The film opens with Zain in jail for attempted murder. The film unfolds in flashbacks, with occasional framing scenes of Zain—who is around 12 years old but wasn’t registered with the government upon his birth—in court, where he is suing his parents in order to prevent them from having more children. The flashbacks reveal that Zain’s parents refused to send him to school, instead making him work from a young age. More egregiously, they married off Sahar (Haita ‘Cedra’ Izzam), his 11-year-old sister and closest sibling, in a business transaction.

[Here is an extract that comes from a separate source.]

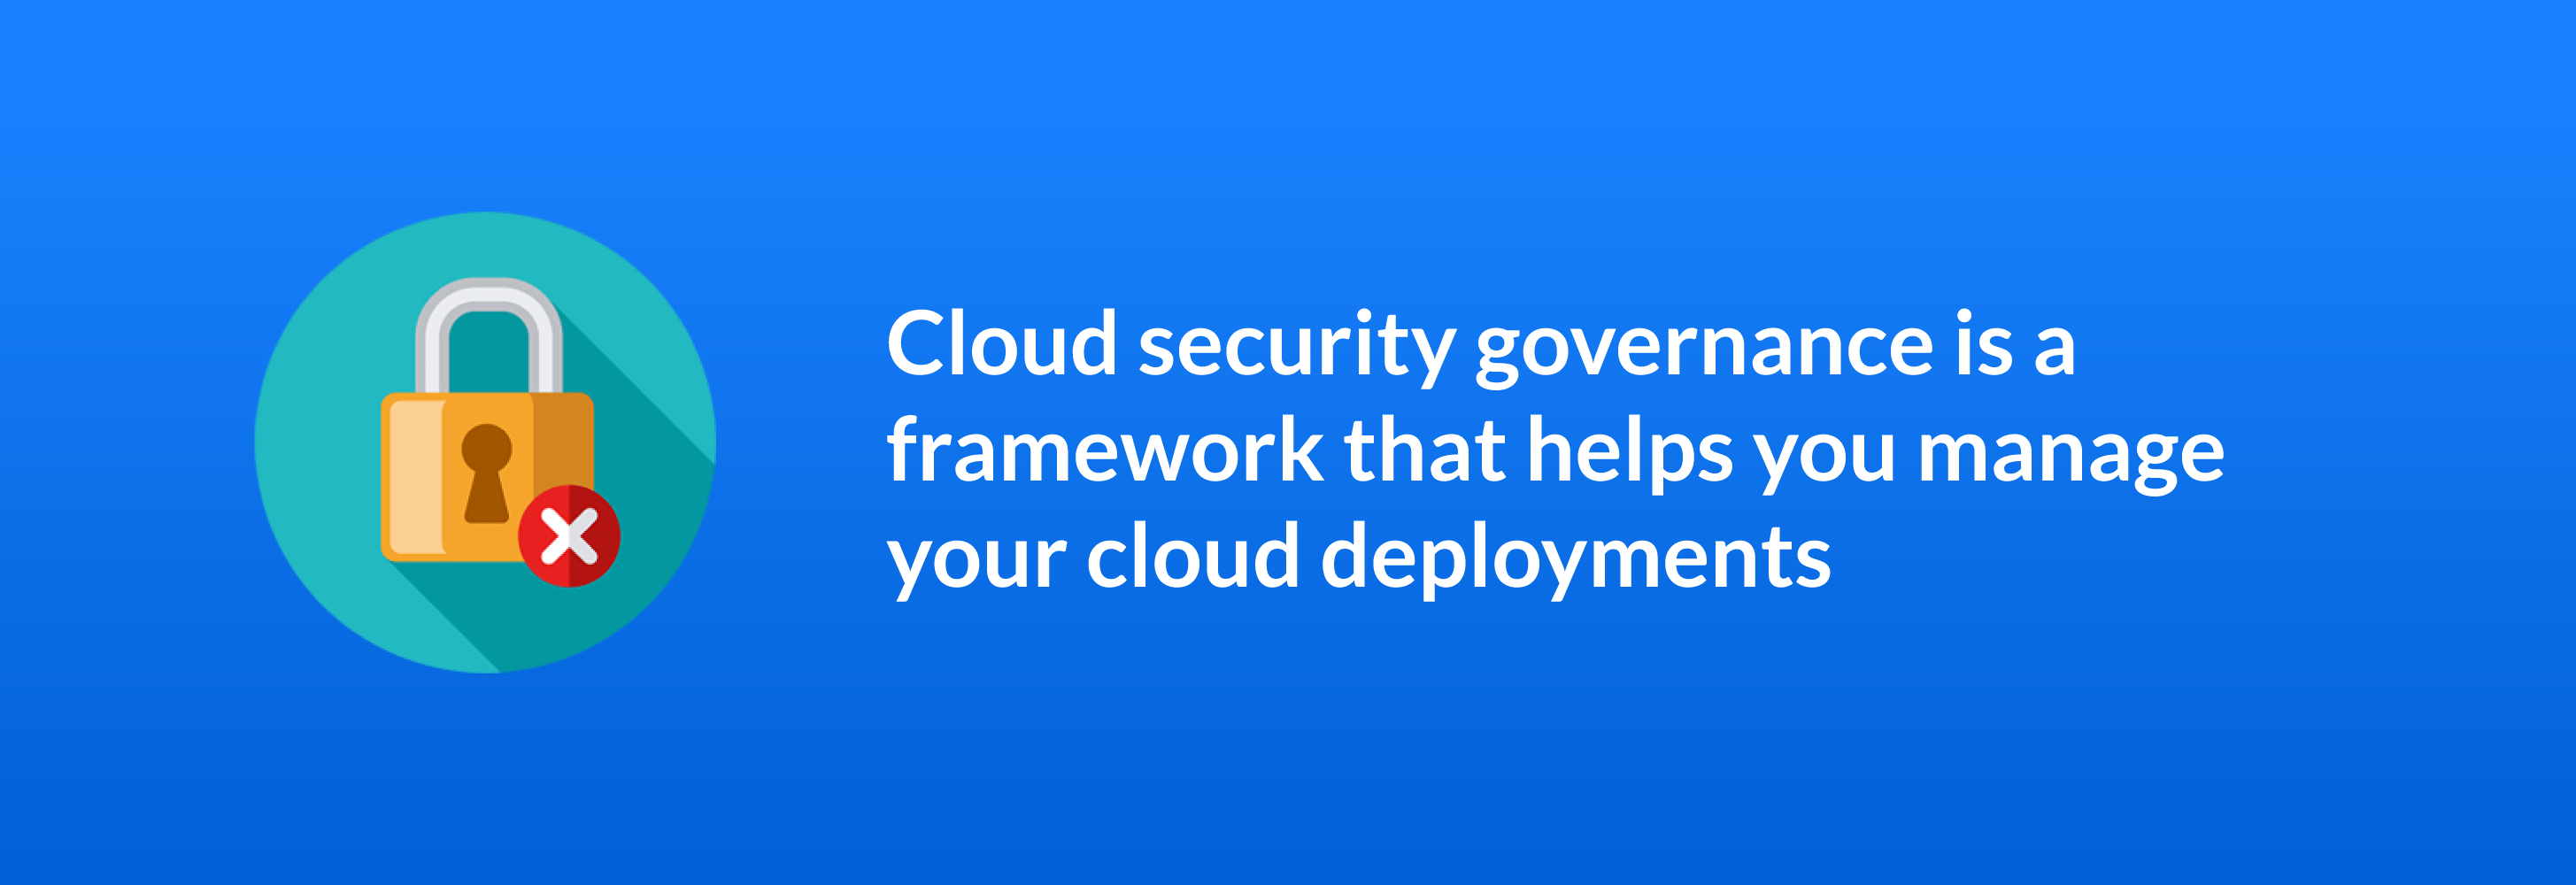 Cloud security governance is a framework that helps you manage your cloud deployments

Though the script itself is heavy on despair and condemnation, Labaki coaxes compassionate performances out of every performer, and even the parents (Kawsar Al Haddad and Fadi Yousef) are portrayed as identifiably human. The problems, rather, exist at higher levels, through a society that allows and even demands these horrible acts from its populace.
The most visually and emotionally stirring moments come not from these courtroom scenes but rather the middle portion of the film, when Zain runs away from home and finds work in an abandoned amusement park. Outside of the sheer visual delights that come from Zain’s childish glee at having this broken wonderland to himself, Zain also finds a temporary home with Rahil (Yordanos Shiferaw), an illegal Ethiopian immigrant who does janitorial work to make ends meet. Zain helps out Rahil by looking after her young son Jonas (Boluwatife Treasure Bankole) while she works, pulling the youngster around in a cooking pot while he journeys around Beirut. It’s a striking image, both whimsical and terrifying, and it is more effective at making Labaki’s case about the unfair burden placed on Beirut’s children than the more instructive courtroom scenes.

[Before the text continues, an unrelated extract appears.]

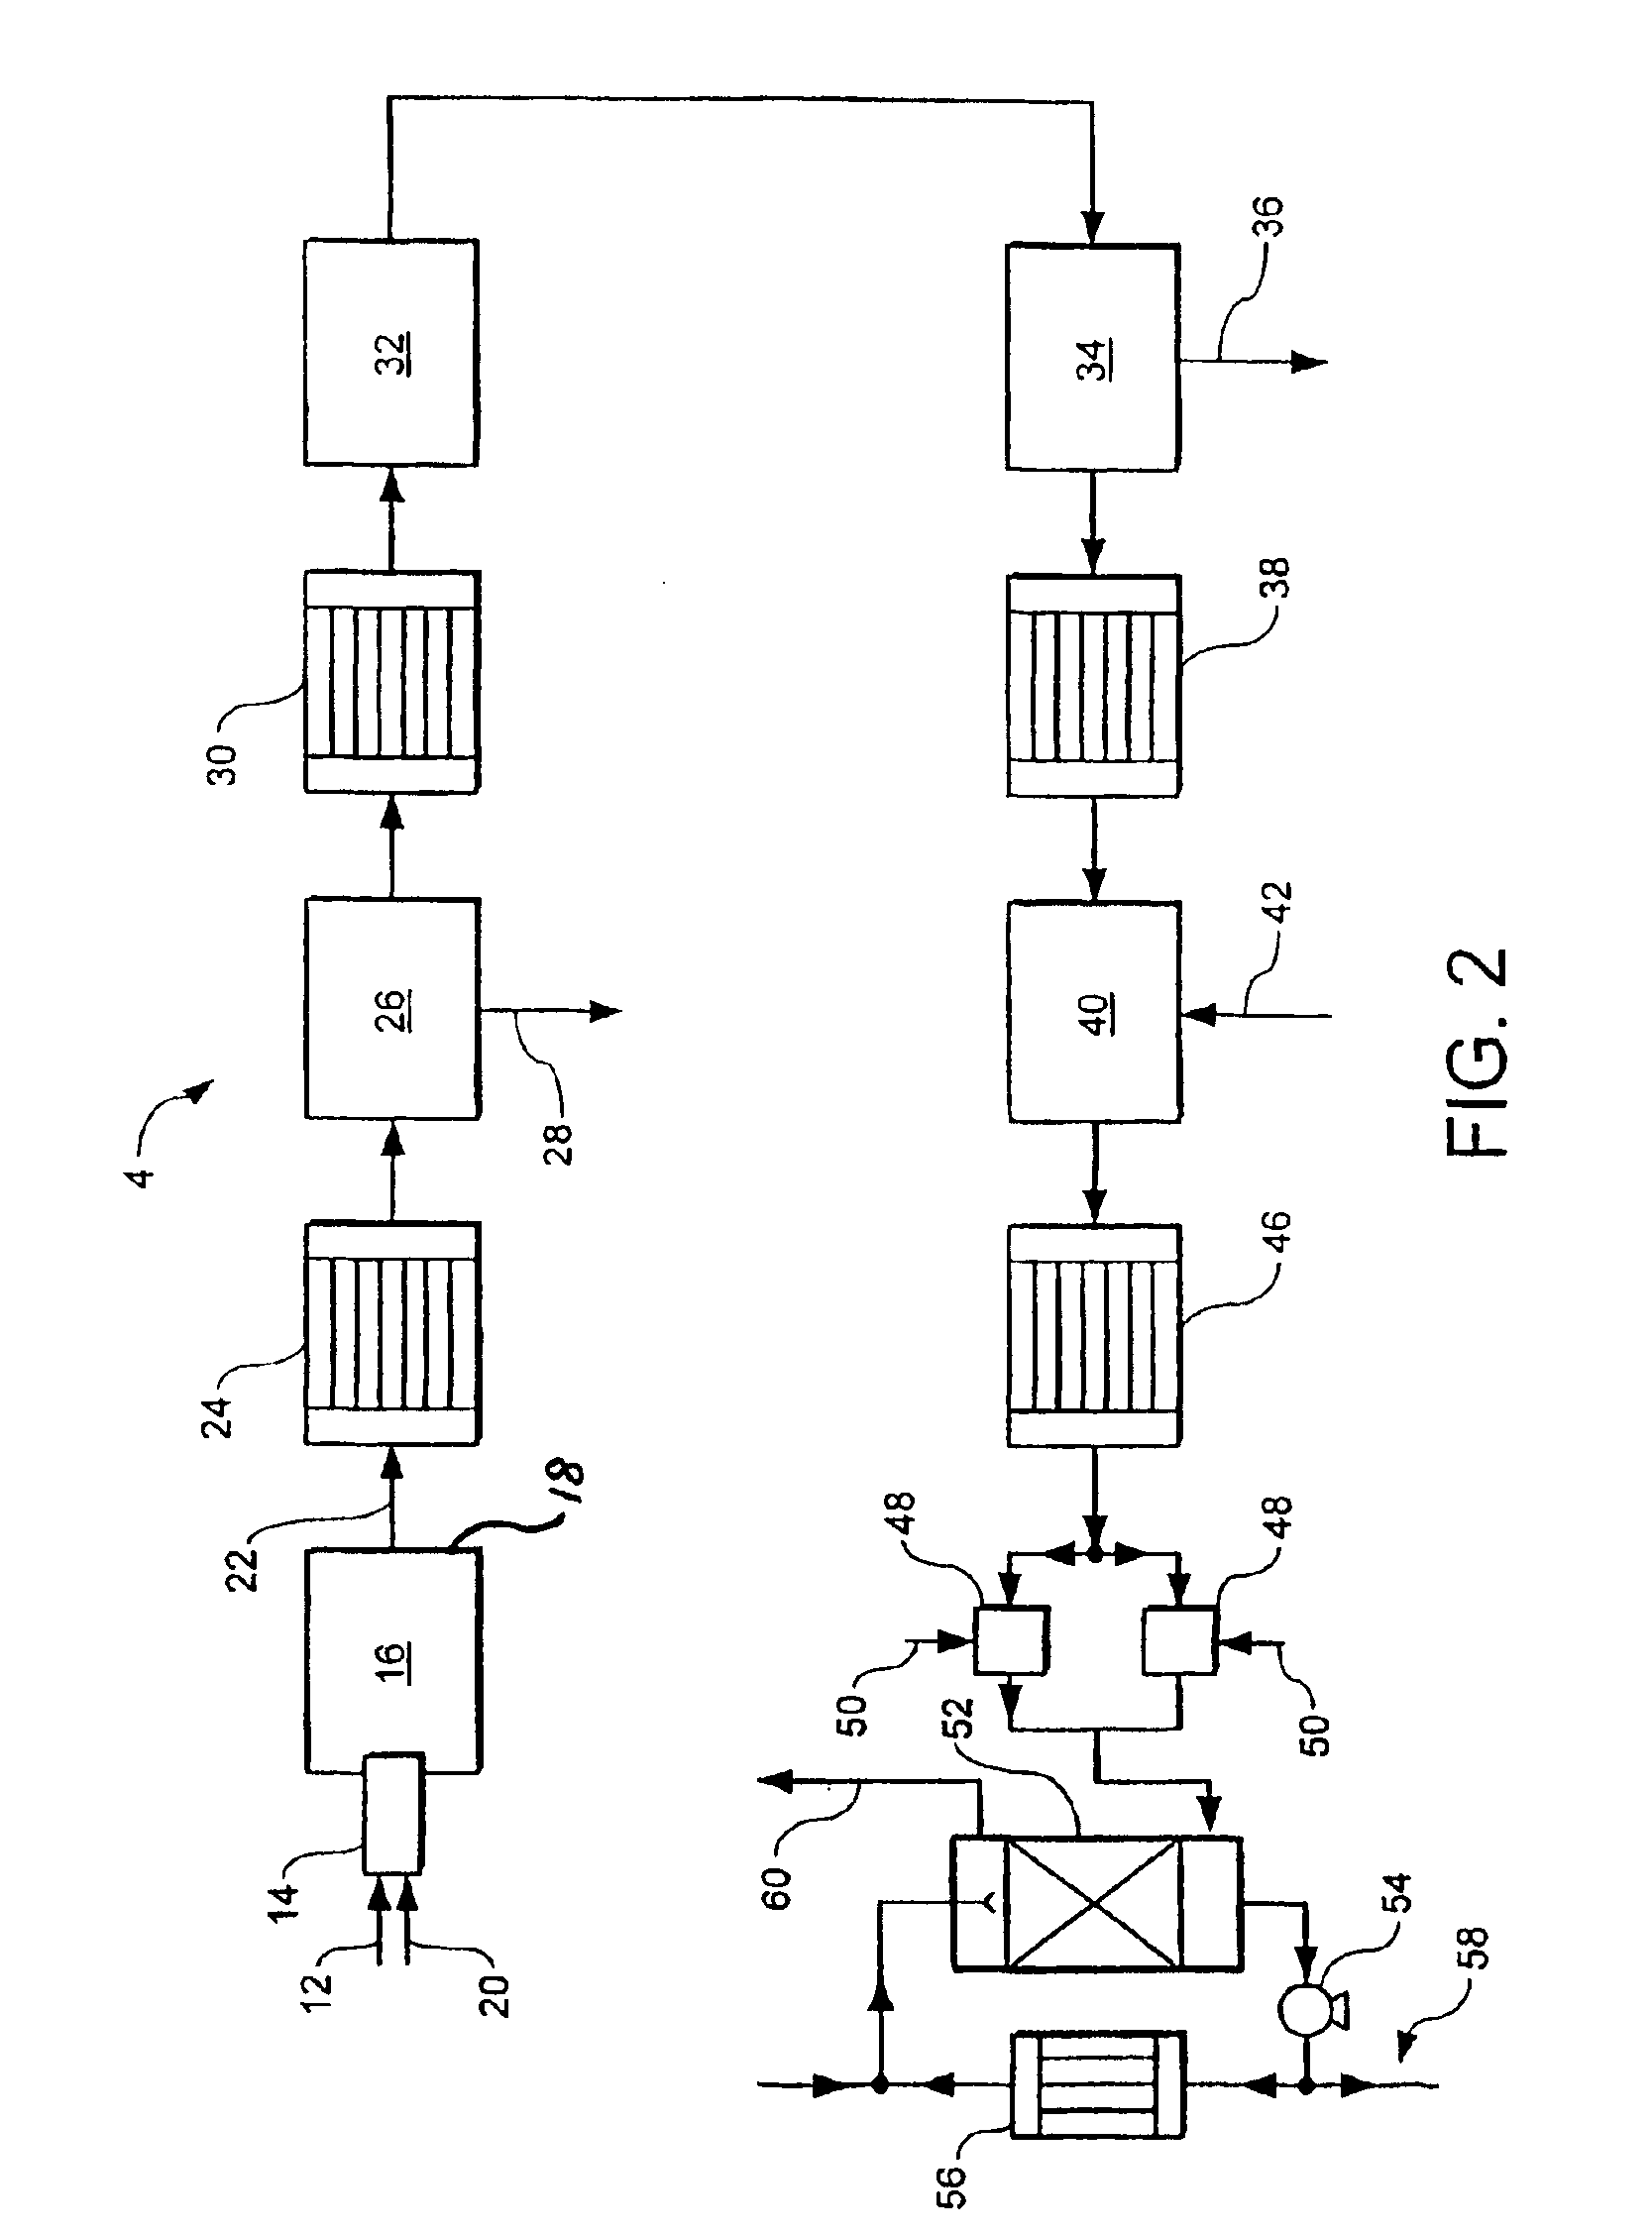 Process and apparatus for recovering sulphur from a gas stream containing hydrogen sulphide

Comparisons can be made to thematically similar films, particularly 2002’s City of God and 2012’s Beasts of the Southern Wild, both of which take on the joys and horrors of a city facing societal and/or environmental collapse. And while those films are superior to Capernaum, Labaki makes her project as distinctively Lebanese as City of God is Brazilian and Beasts of the Southern Wild is Louisiana bayou. She does this by showing multiple tiers of society; at its best, Capernaum jumps over rooftops, spins through temporary settlements, peeks in on military camps, motors over highways and descends into prisons and worse. The vitality and the devastation of these glimpses are enhanced exponentially because we see them through the eyes of a child.
While Capernaum’s script sabotages itself by attempting to teach viewers a lesson rather than allowing them to get there themselves, Labaki’s film still has much to offer. The title may suggest a city bound for Hell, but the characters, which include the city of Beirut itself, suggest a different fate.